**WHAT TO DO:** Every line below needs to be printed again exactly, without any of its pictures.

COLLECTED DATA Start Marker

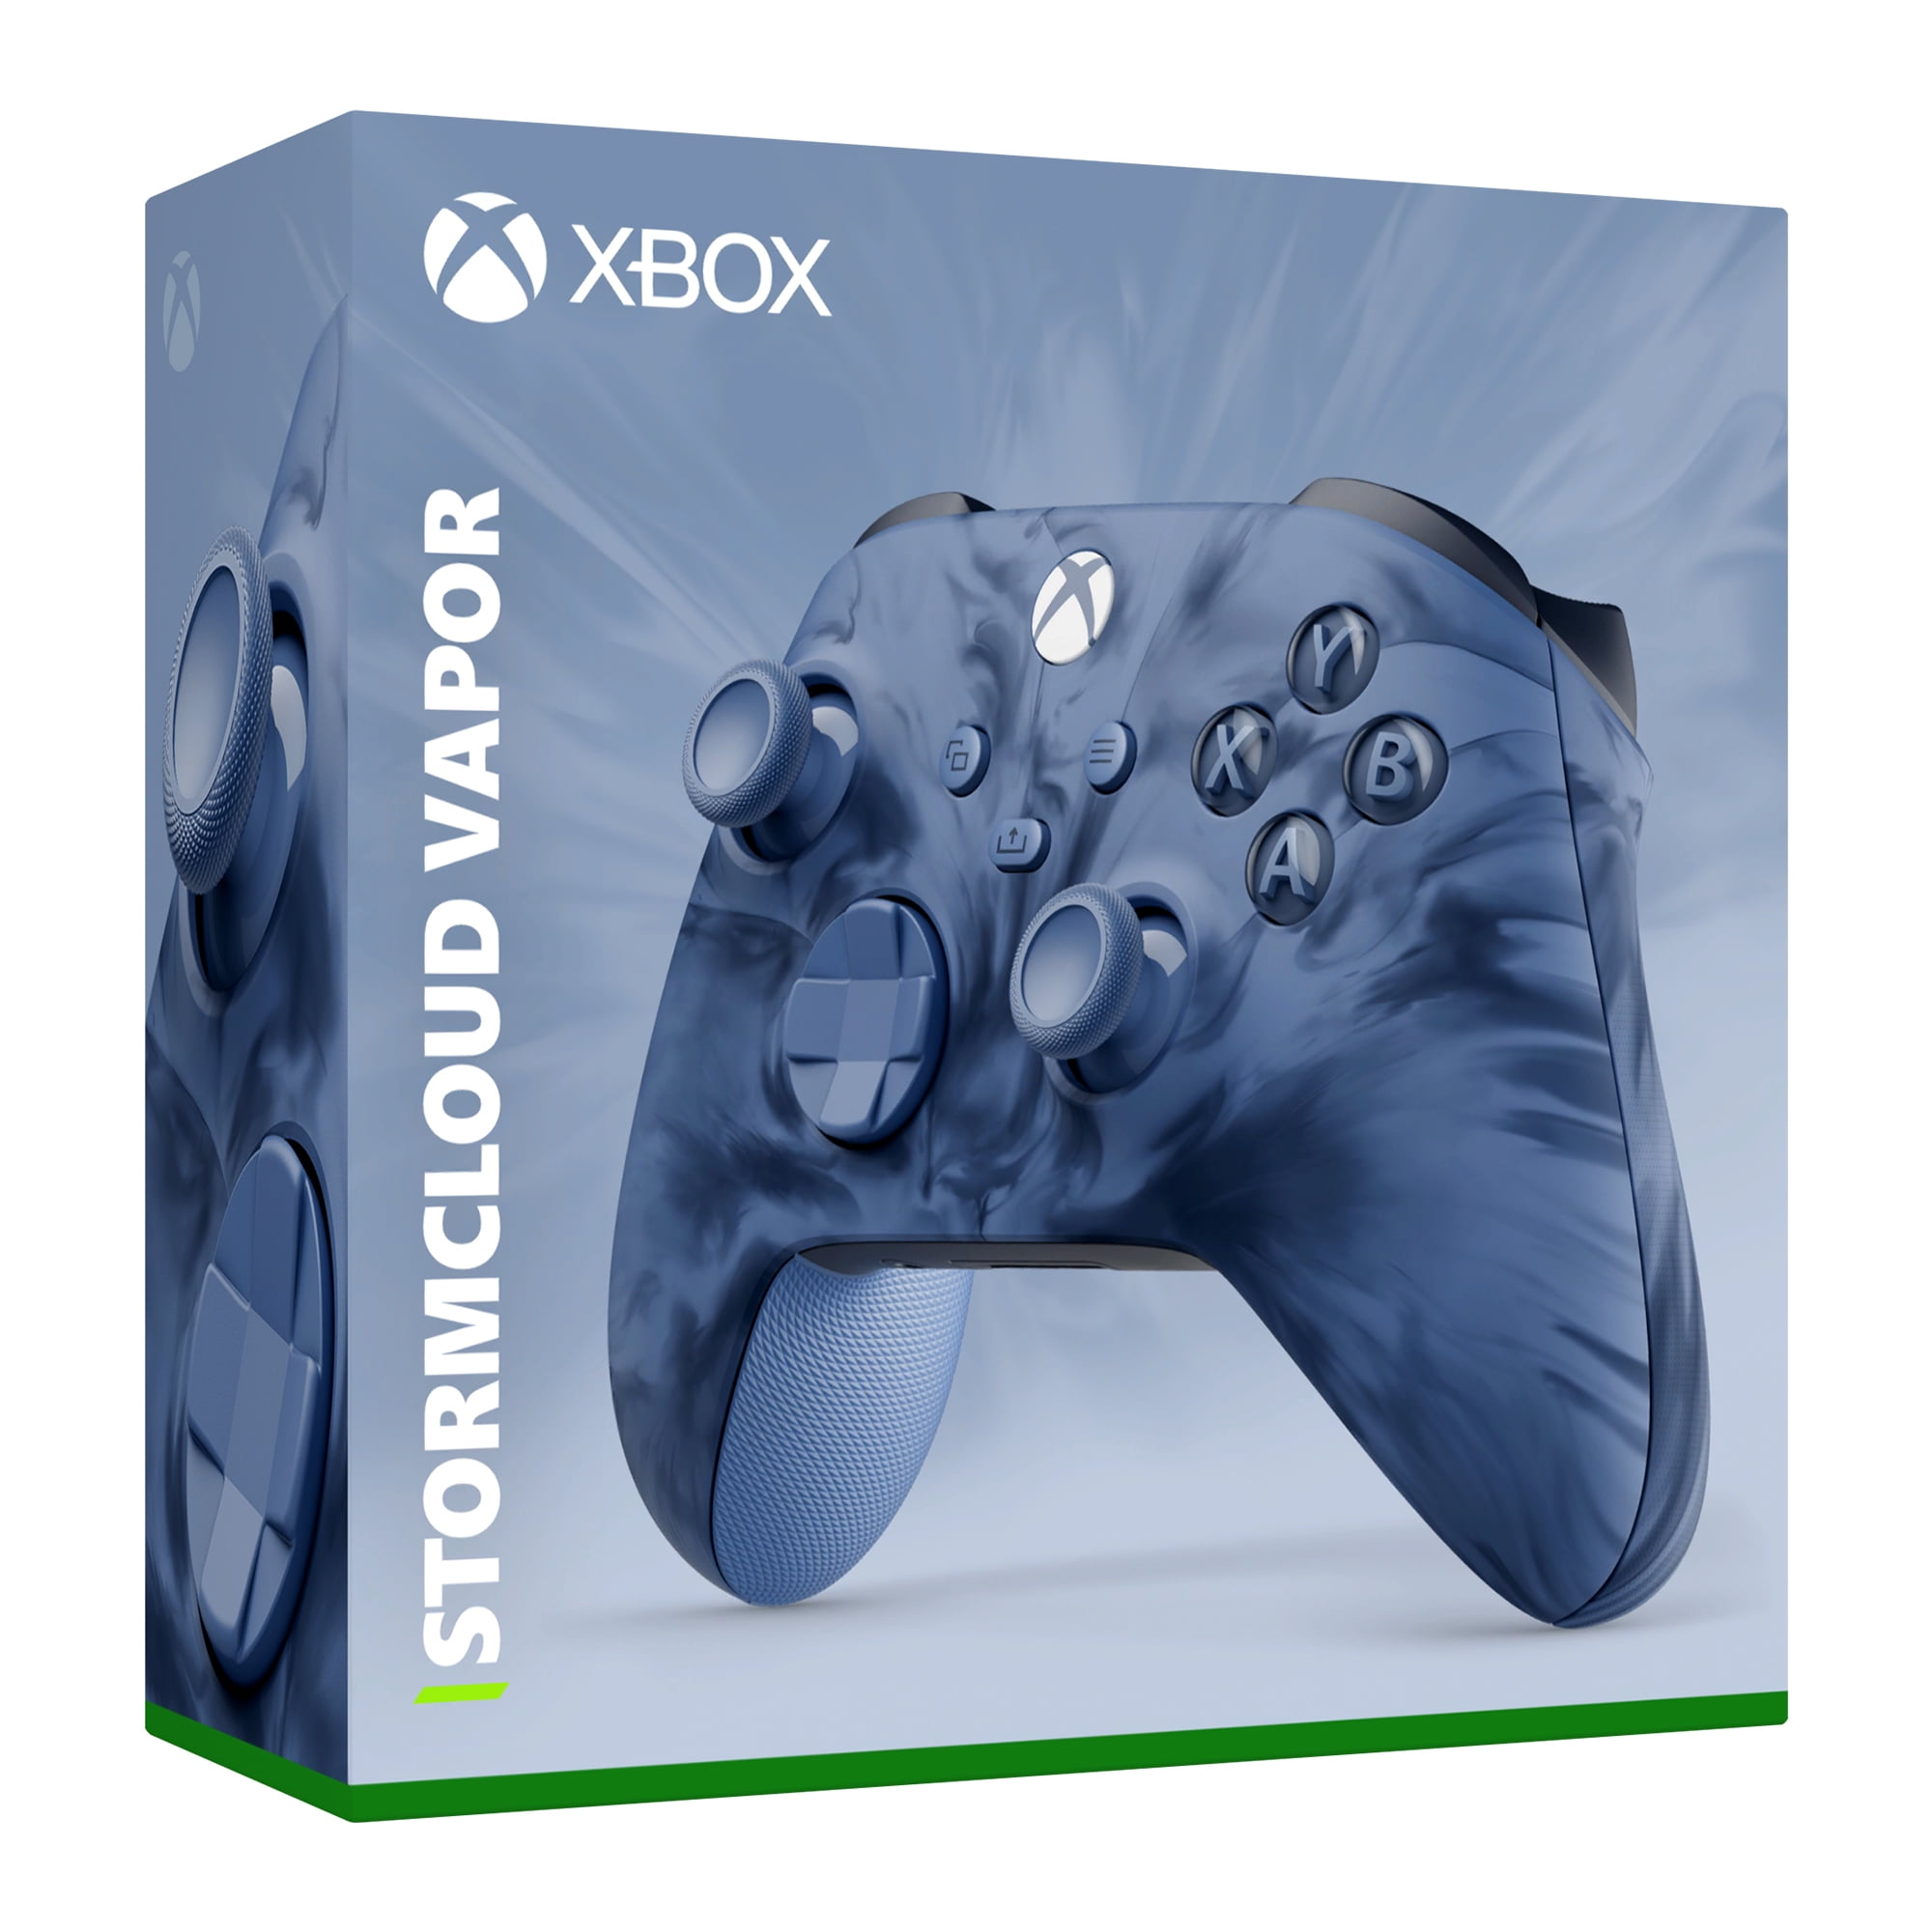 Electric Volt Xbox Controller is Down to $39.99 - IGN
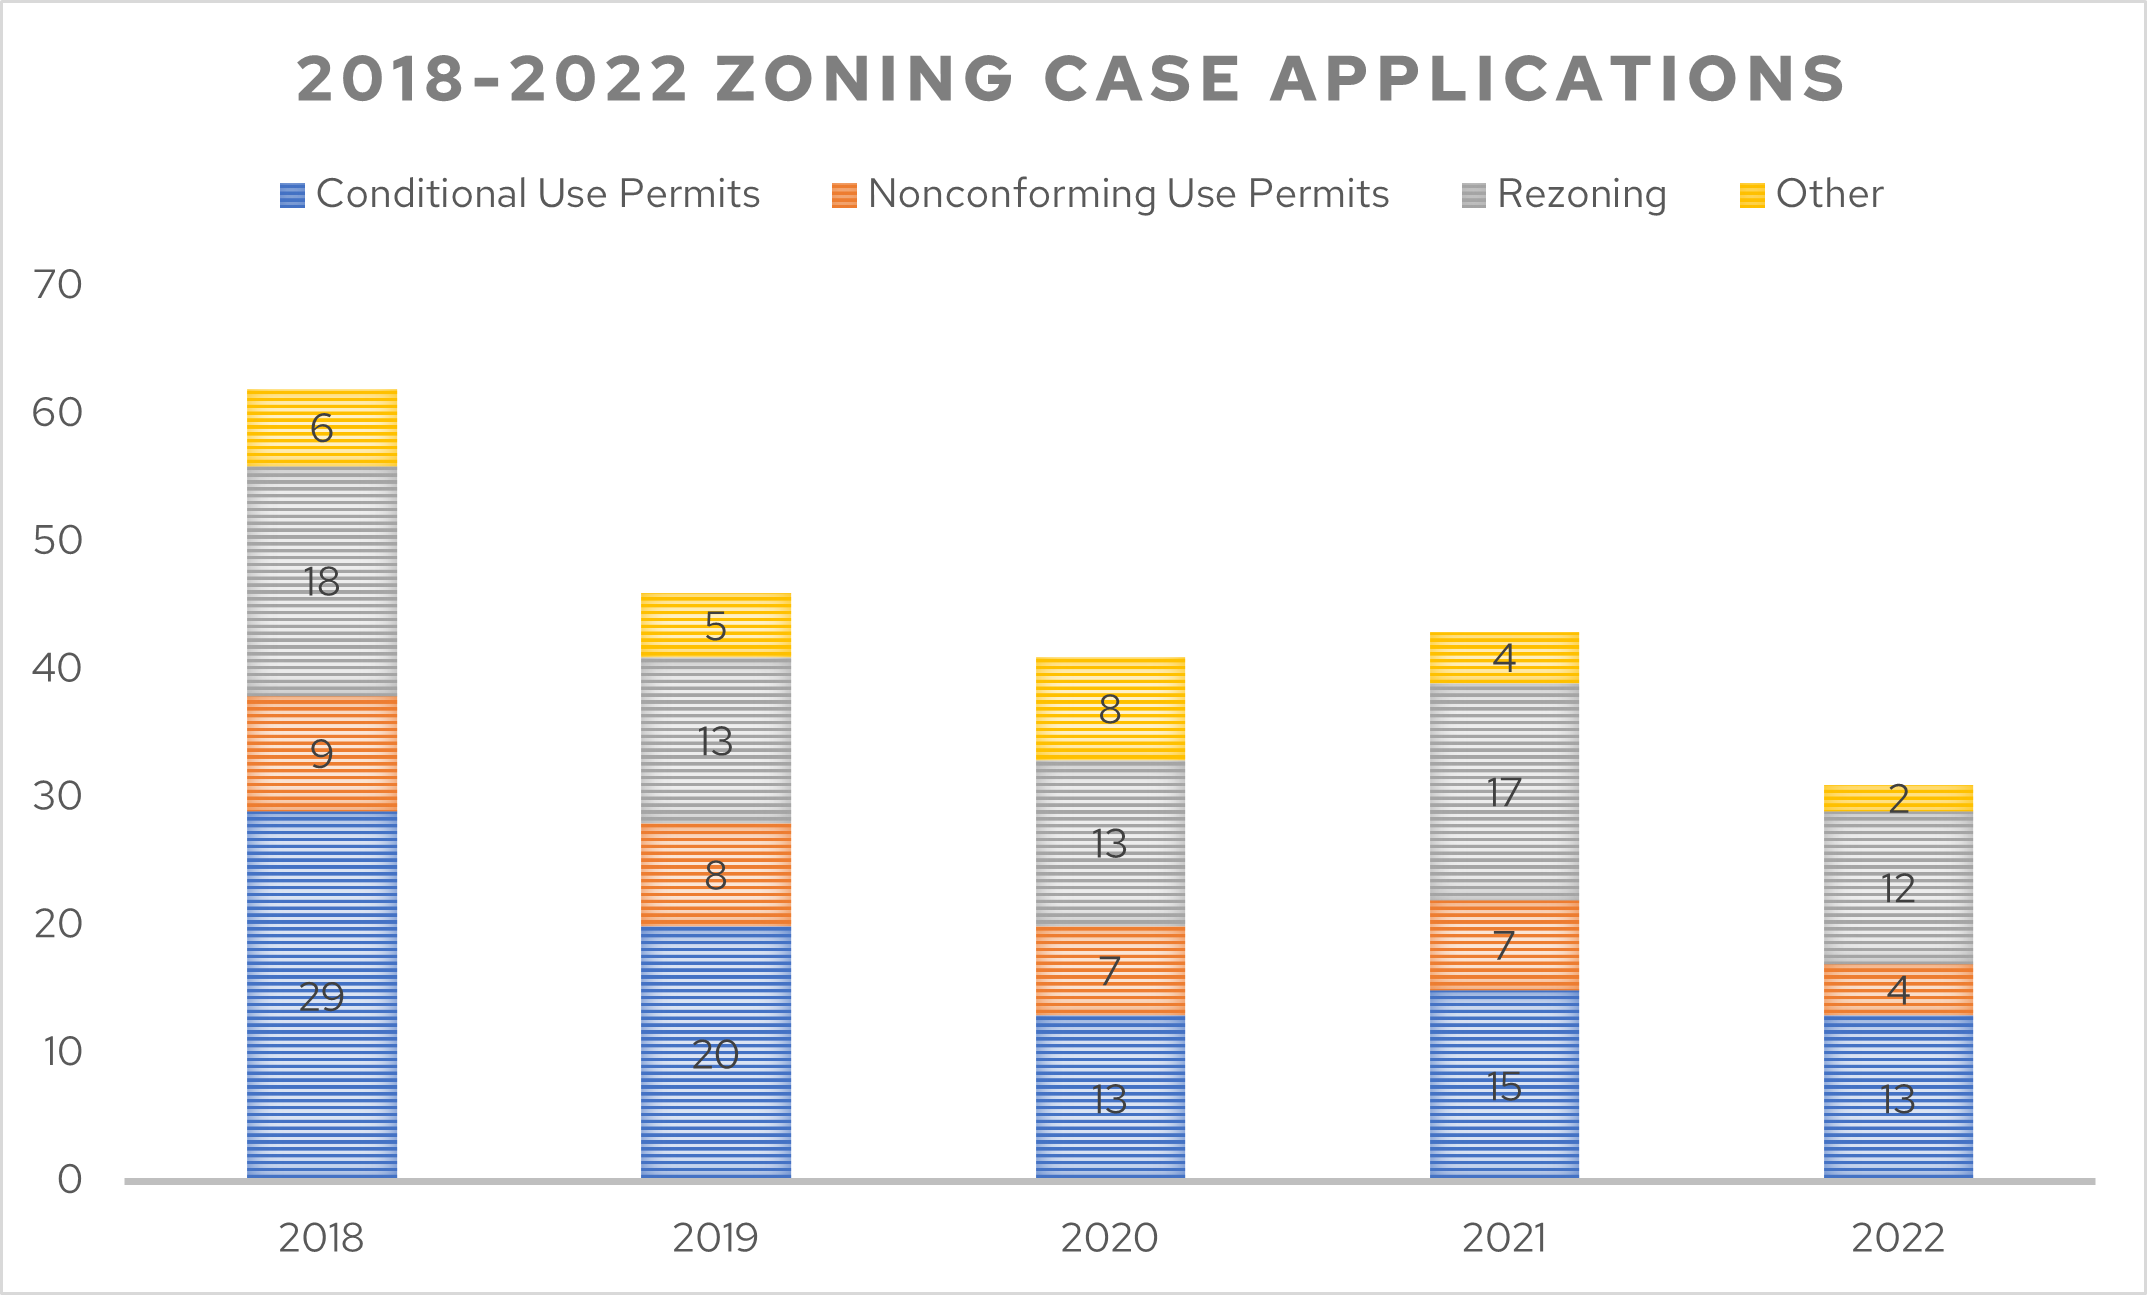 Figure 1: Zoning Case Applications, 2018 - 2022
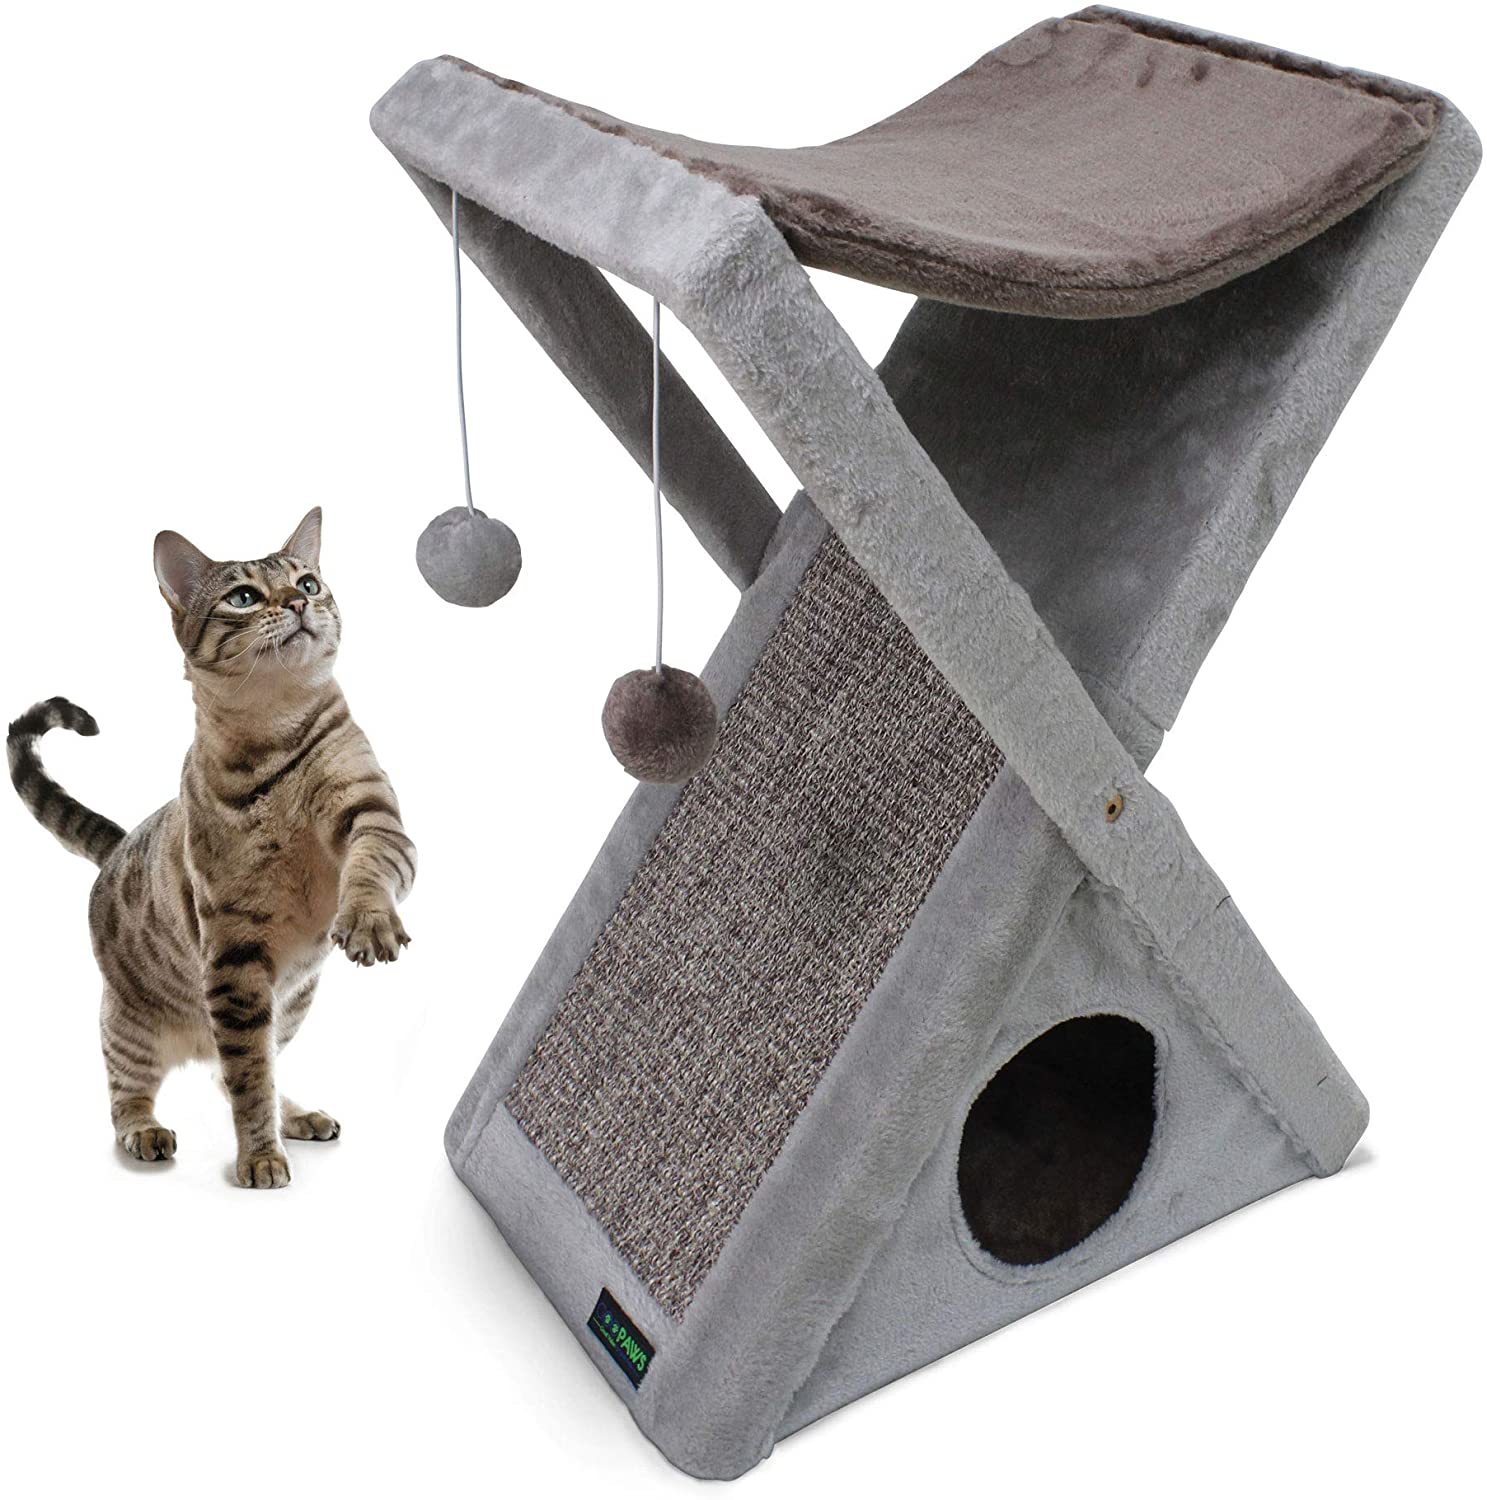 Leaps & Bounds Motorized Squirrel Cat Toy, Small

COLLECTED DATA End Marker

**SOLUTION TO THIS EXERCISE:**
 Electric Volt Xbox Controller is Down to $39.99 - IGN
 Figure 1: Zoning Case Applications, 2018 - 2022
 Leaps & Bounds Motorized Squirrel Cat Toy, Small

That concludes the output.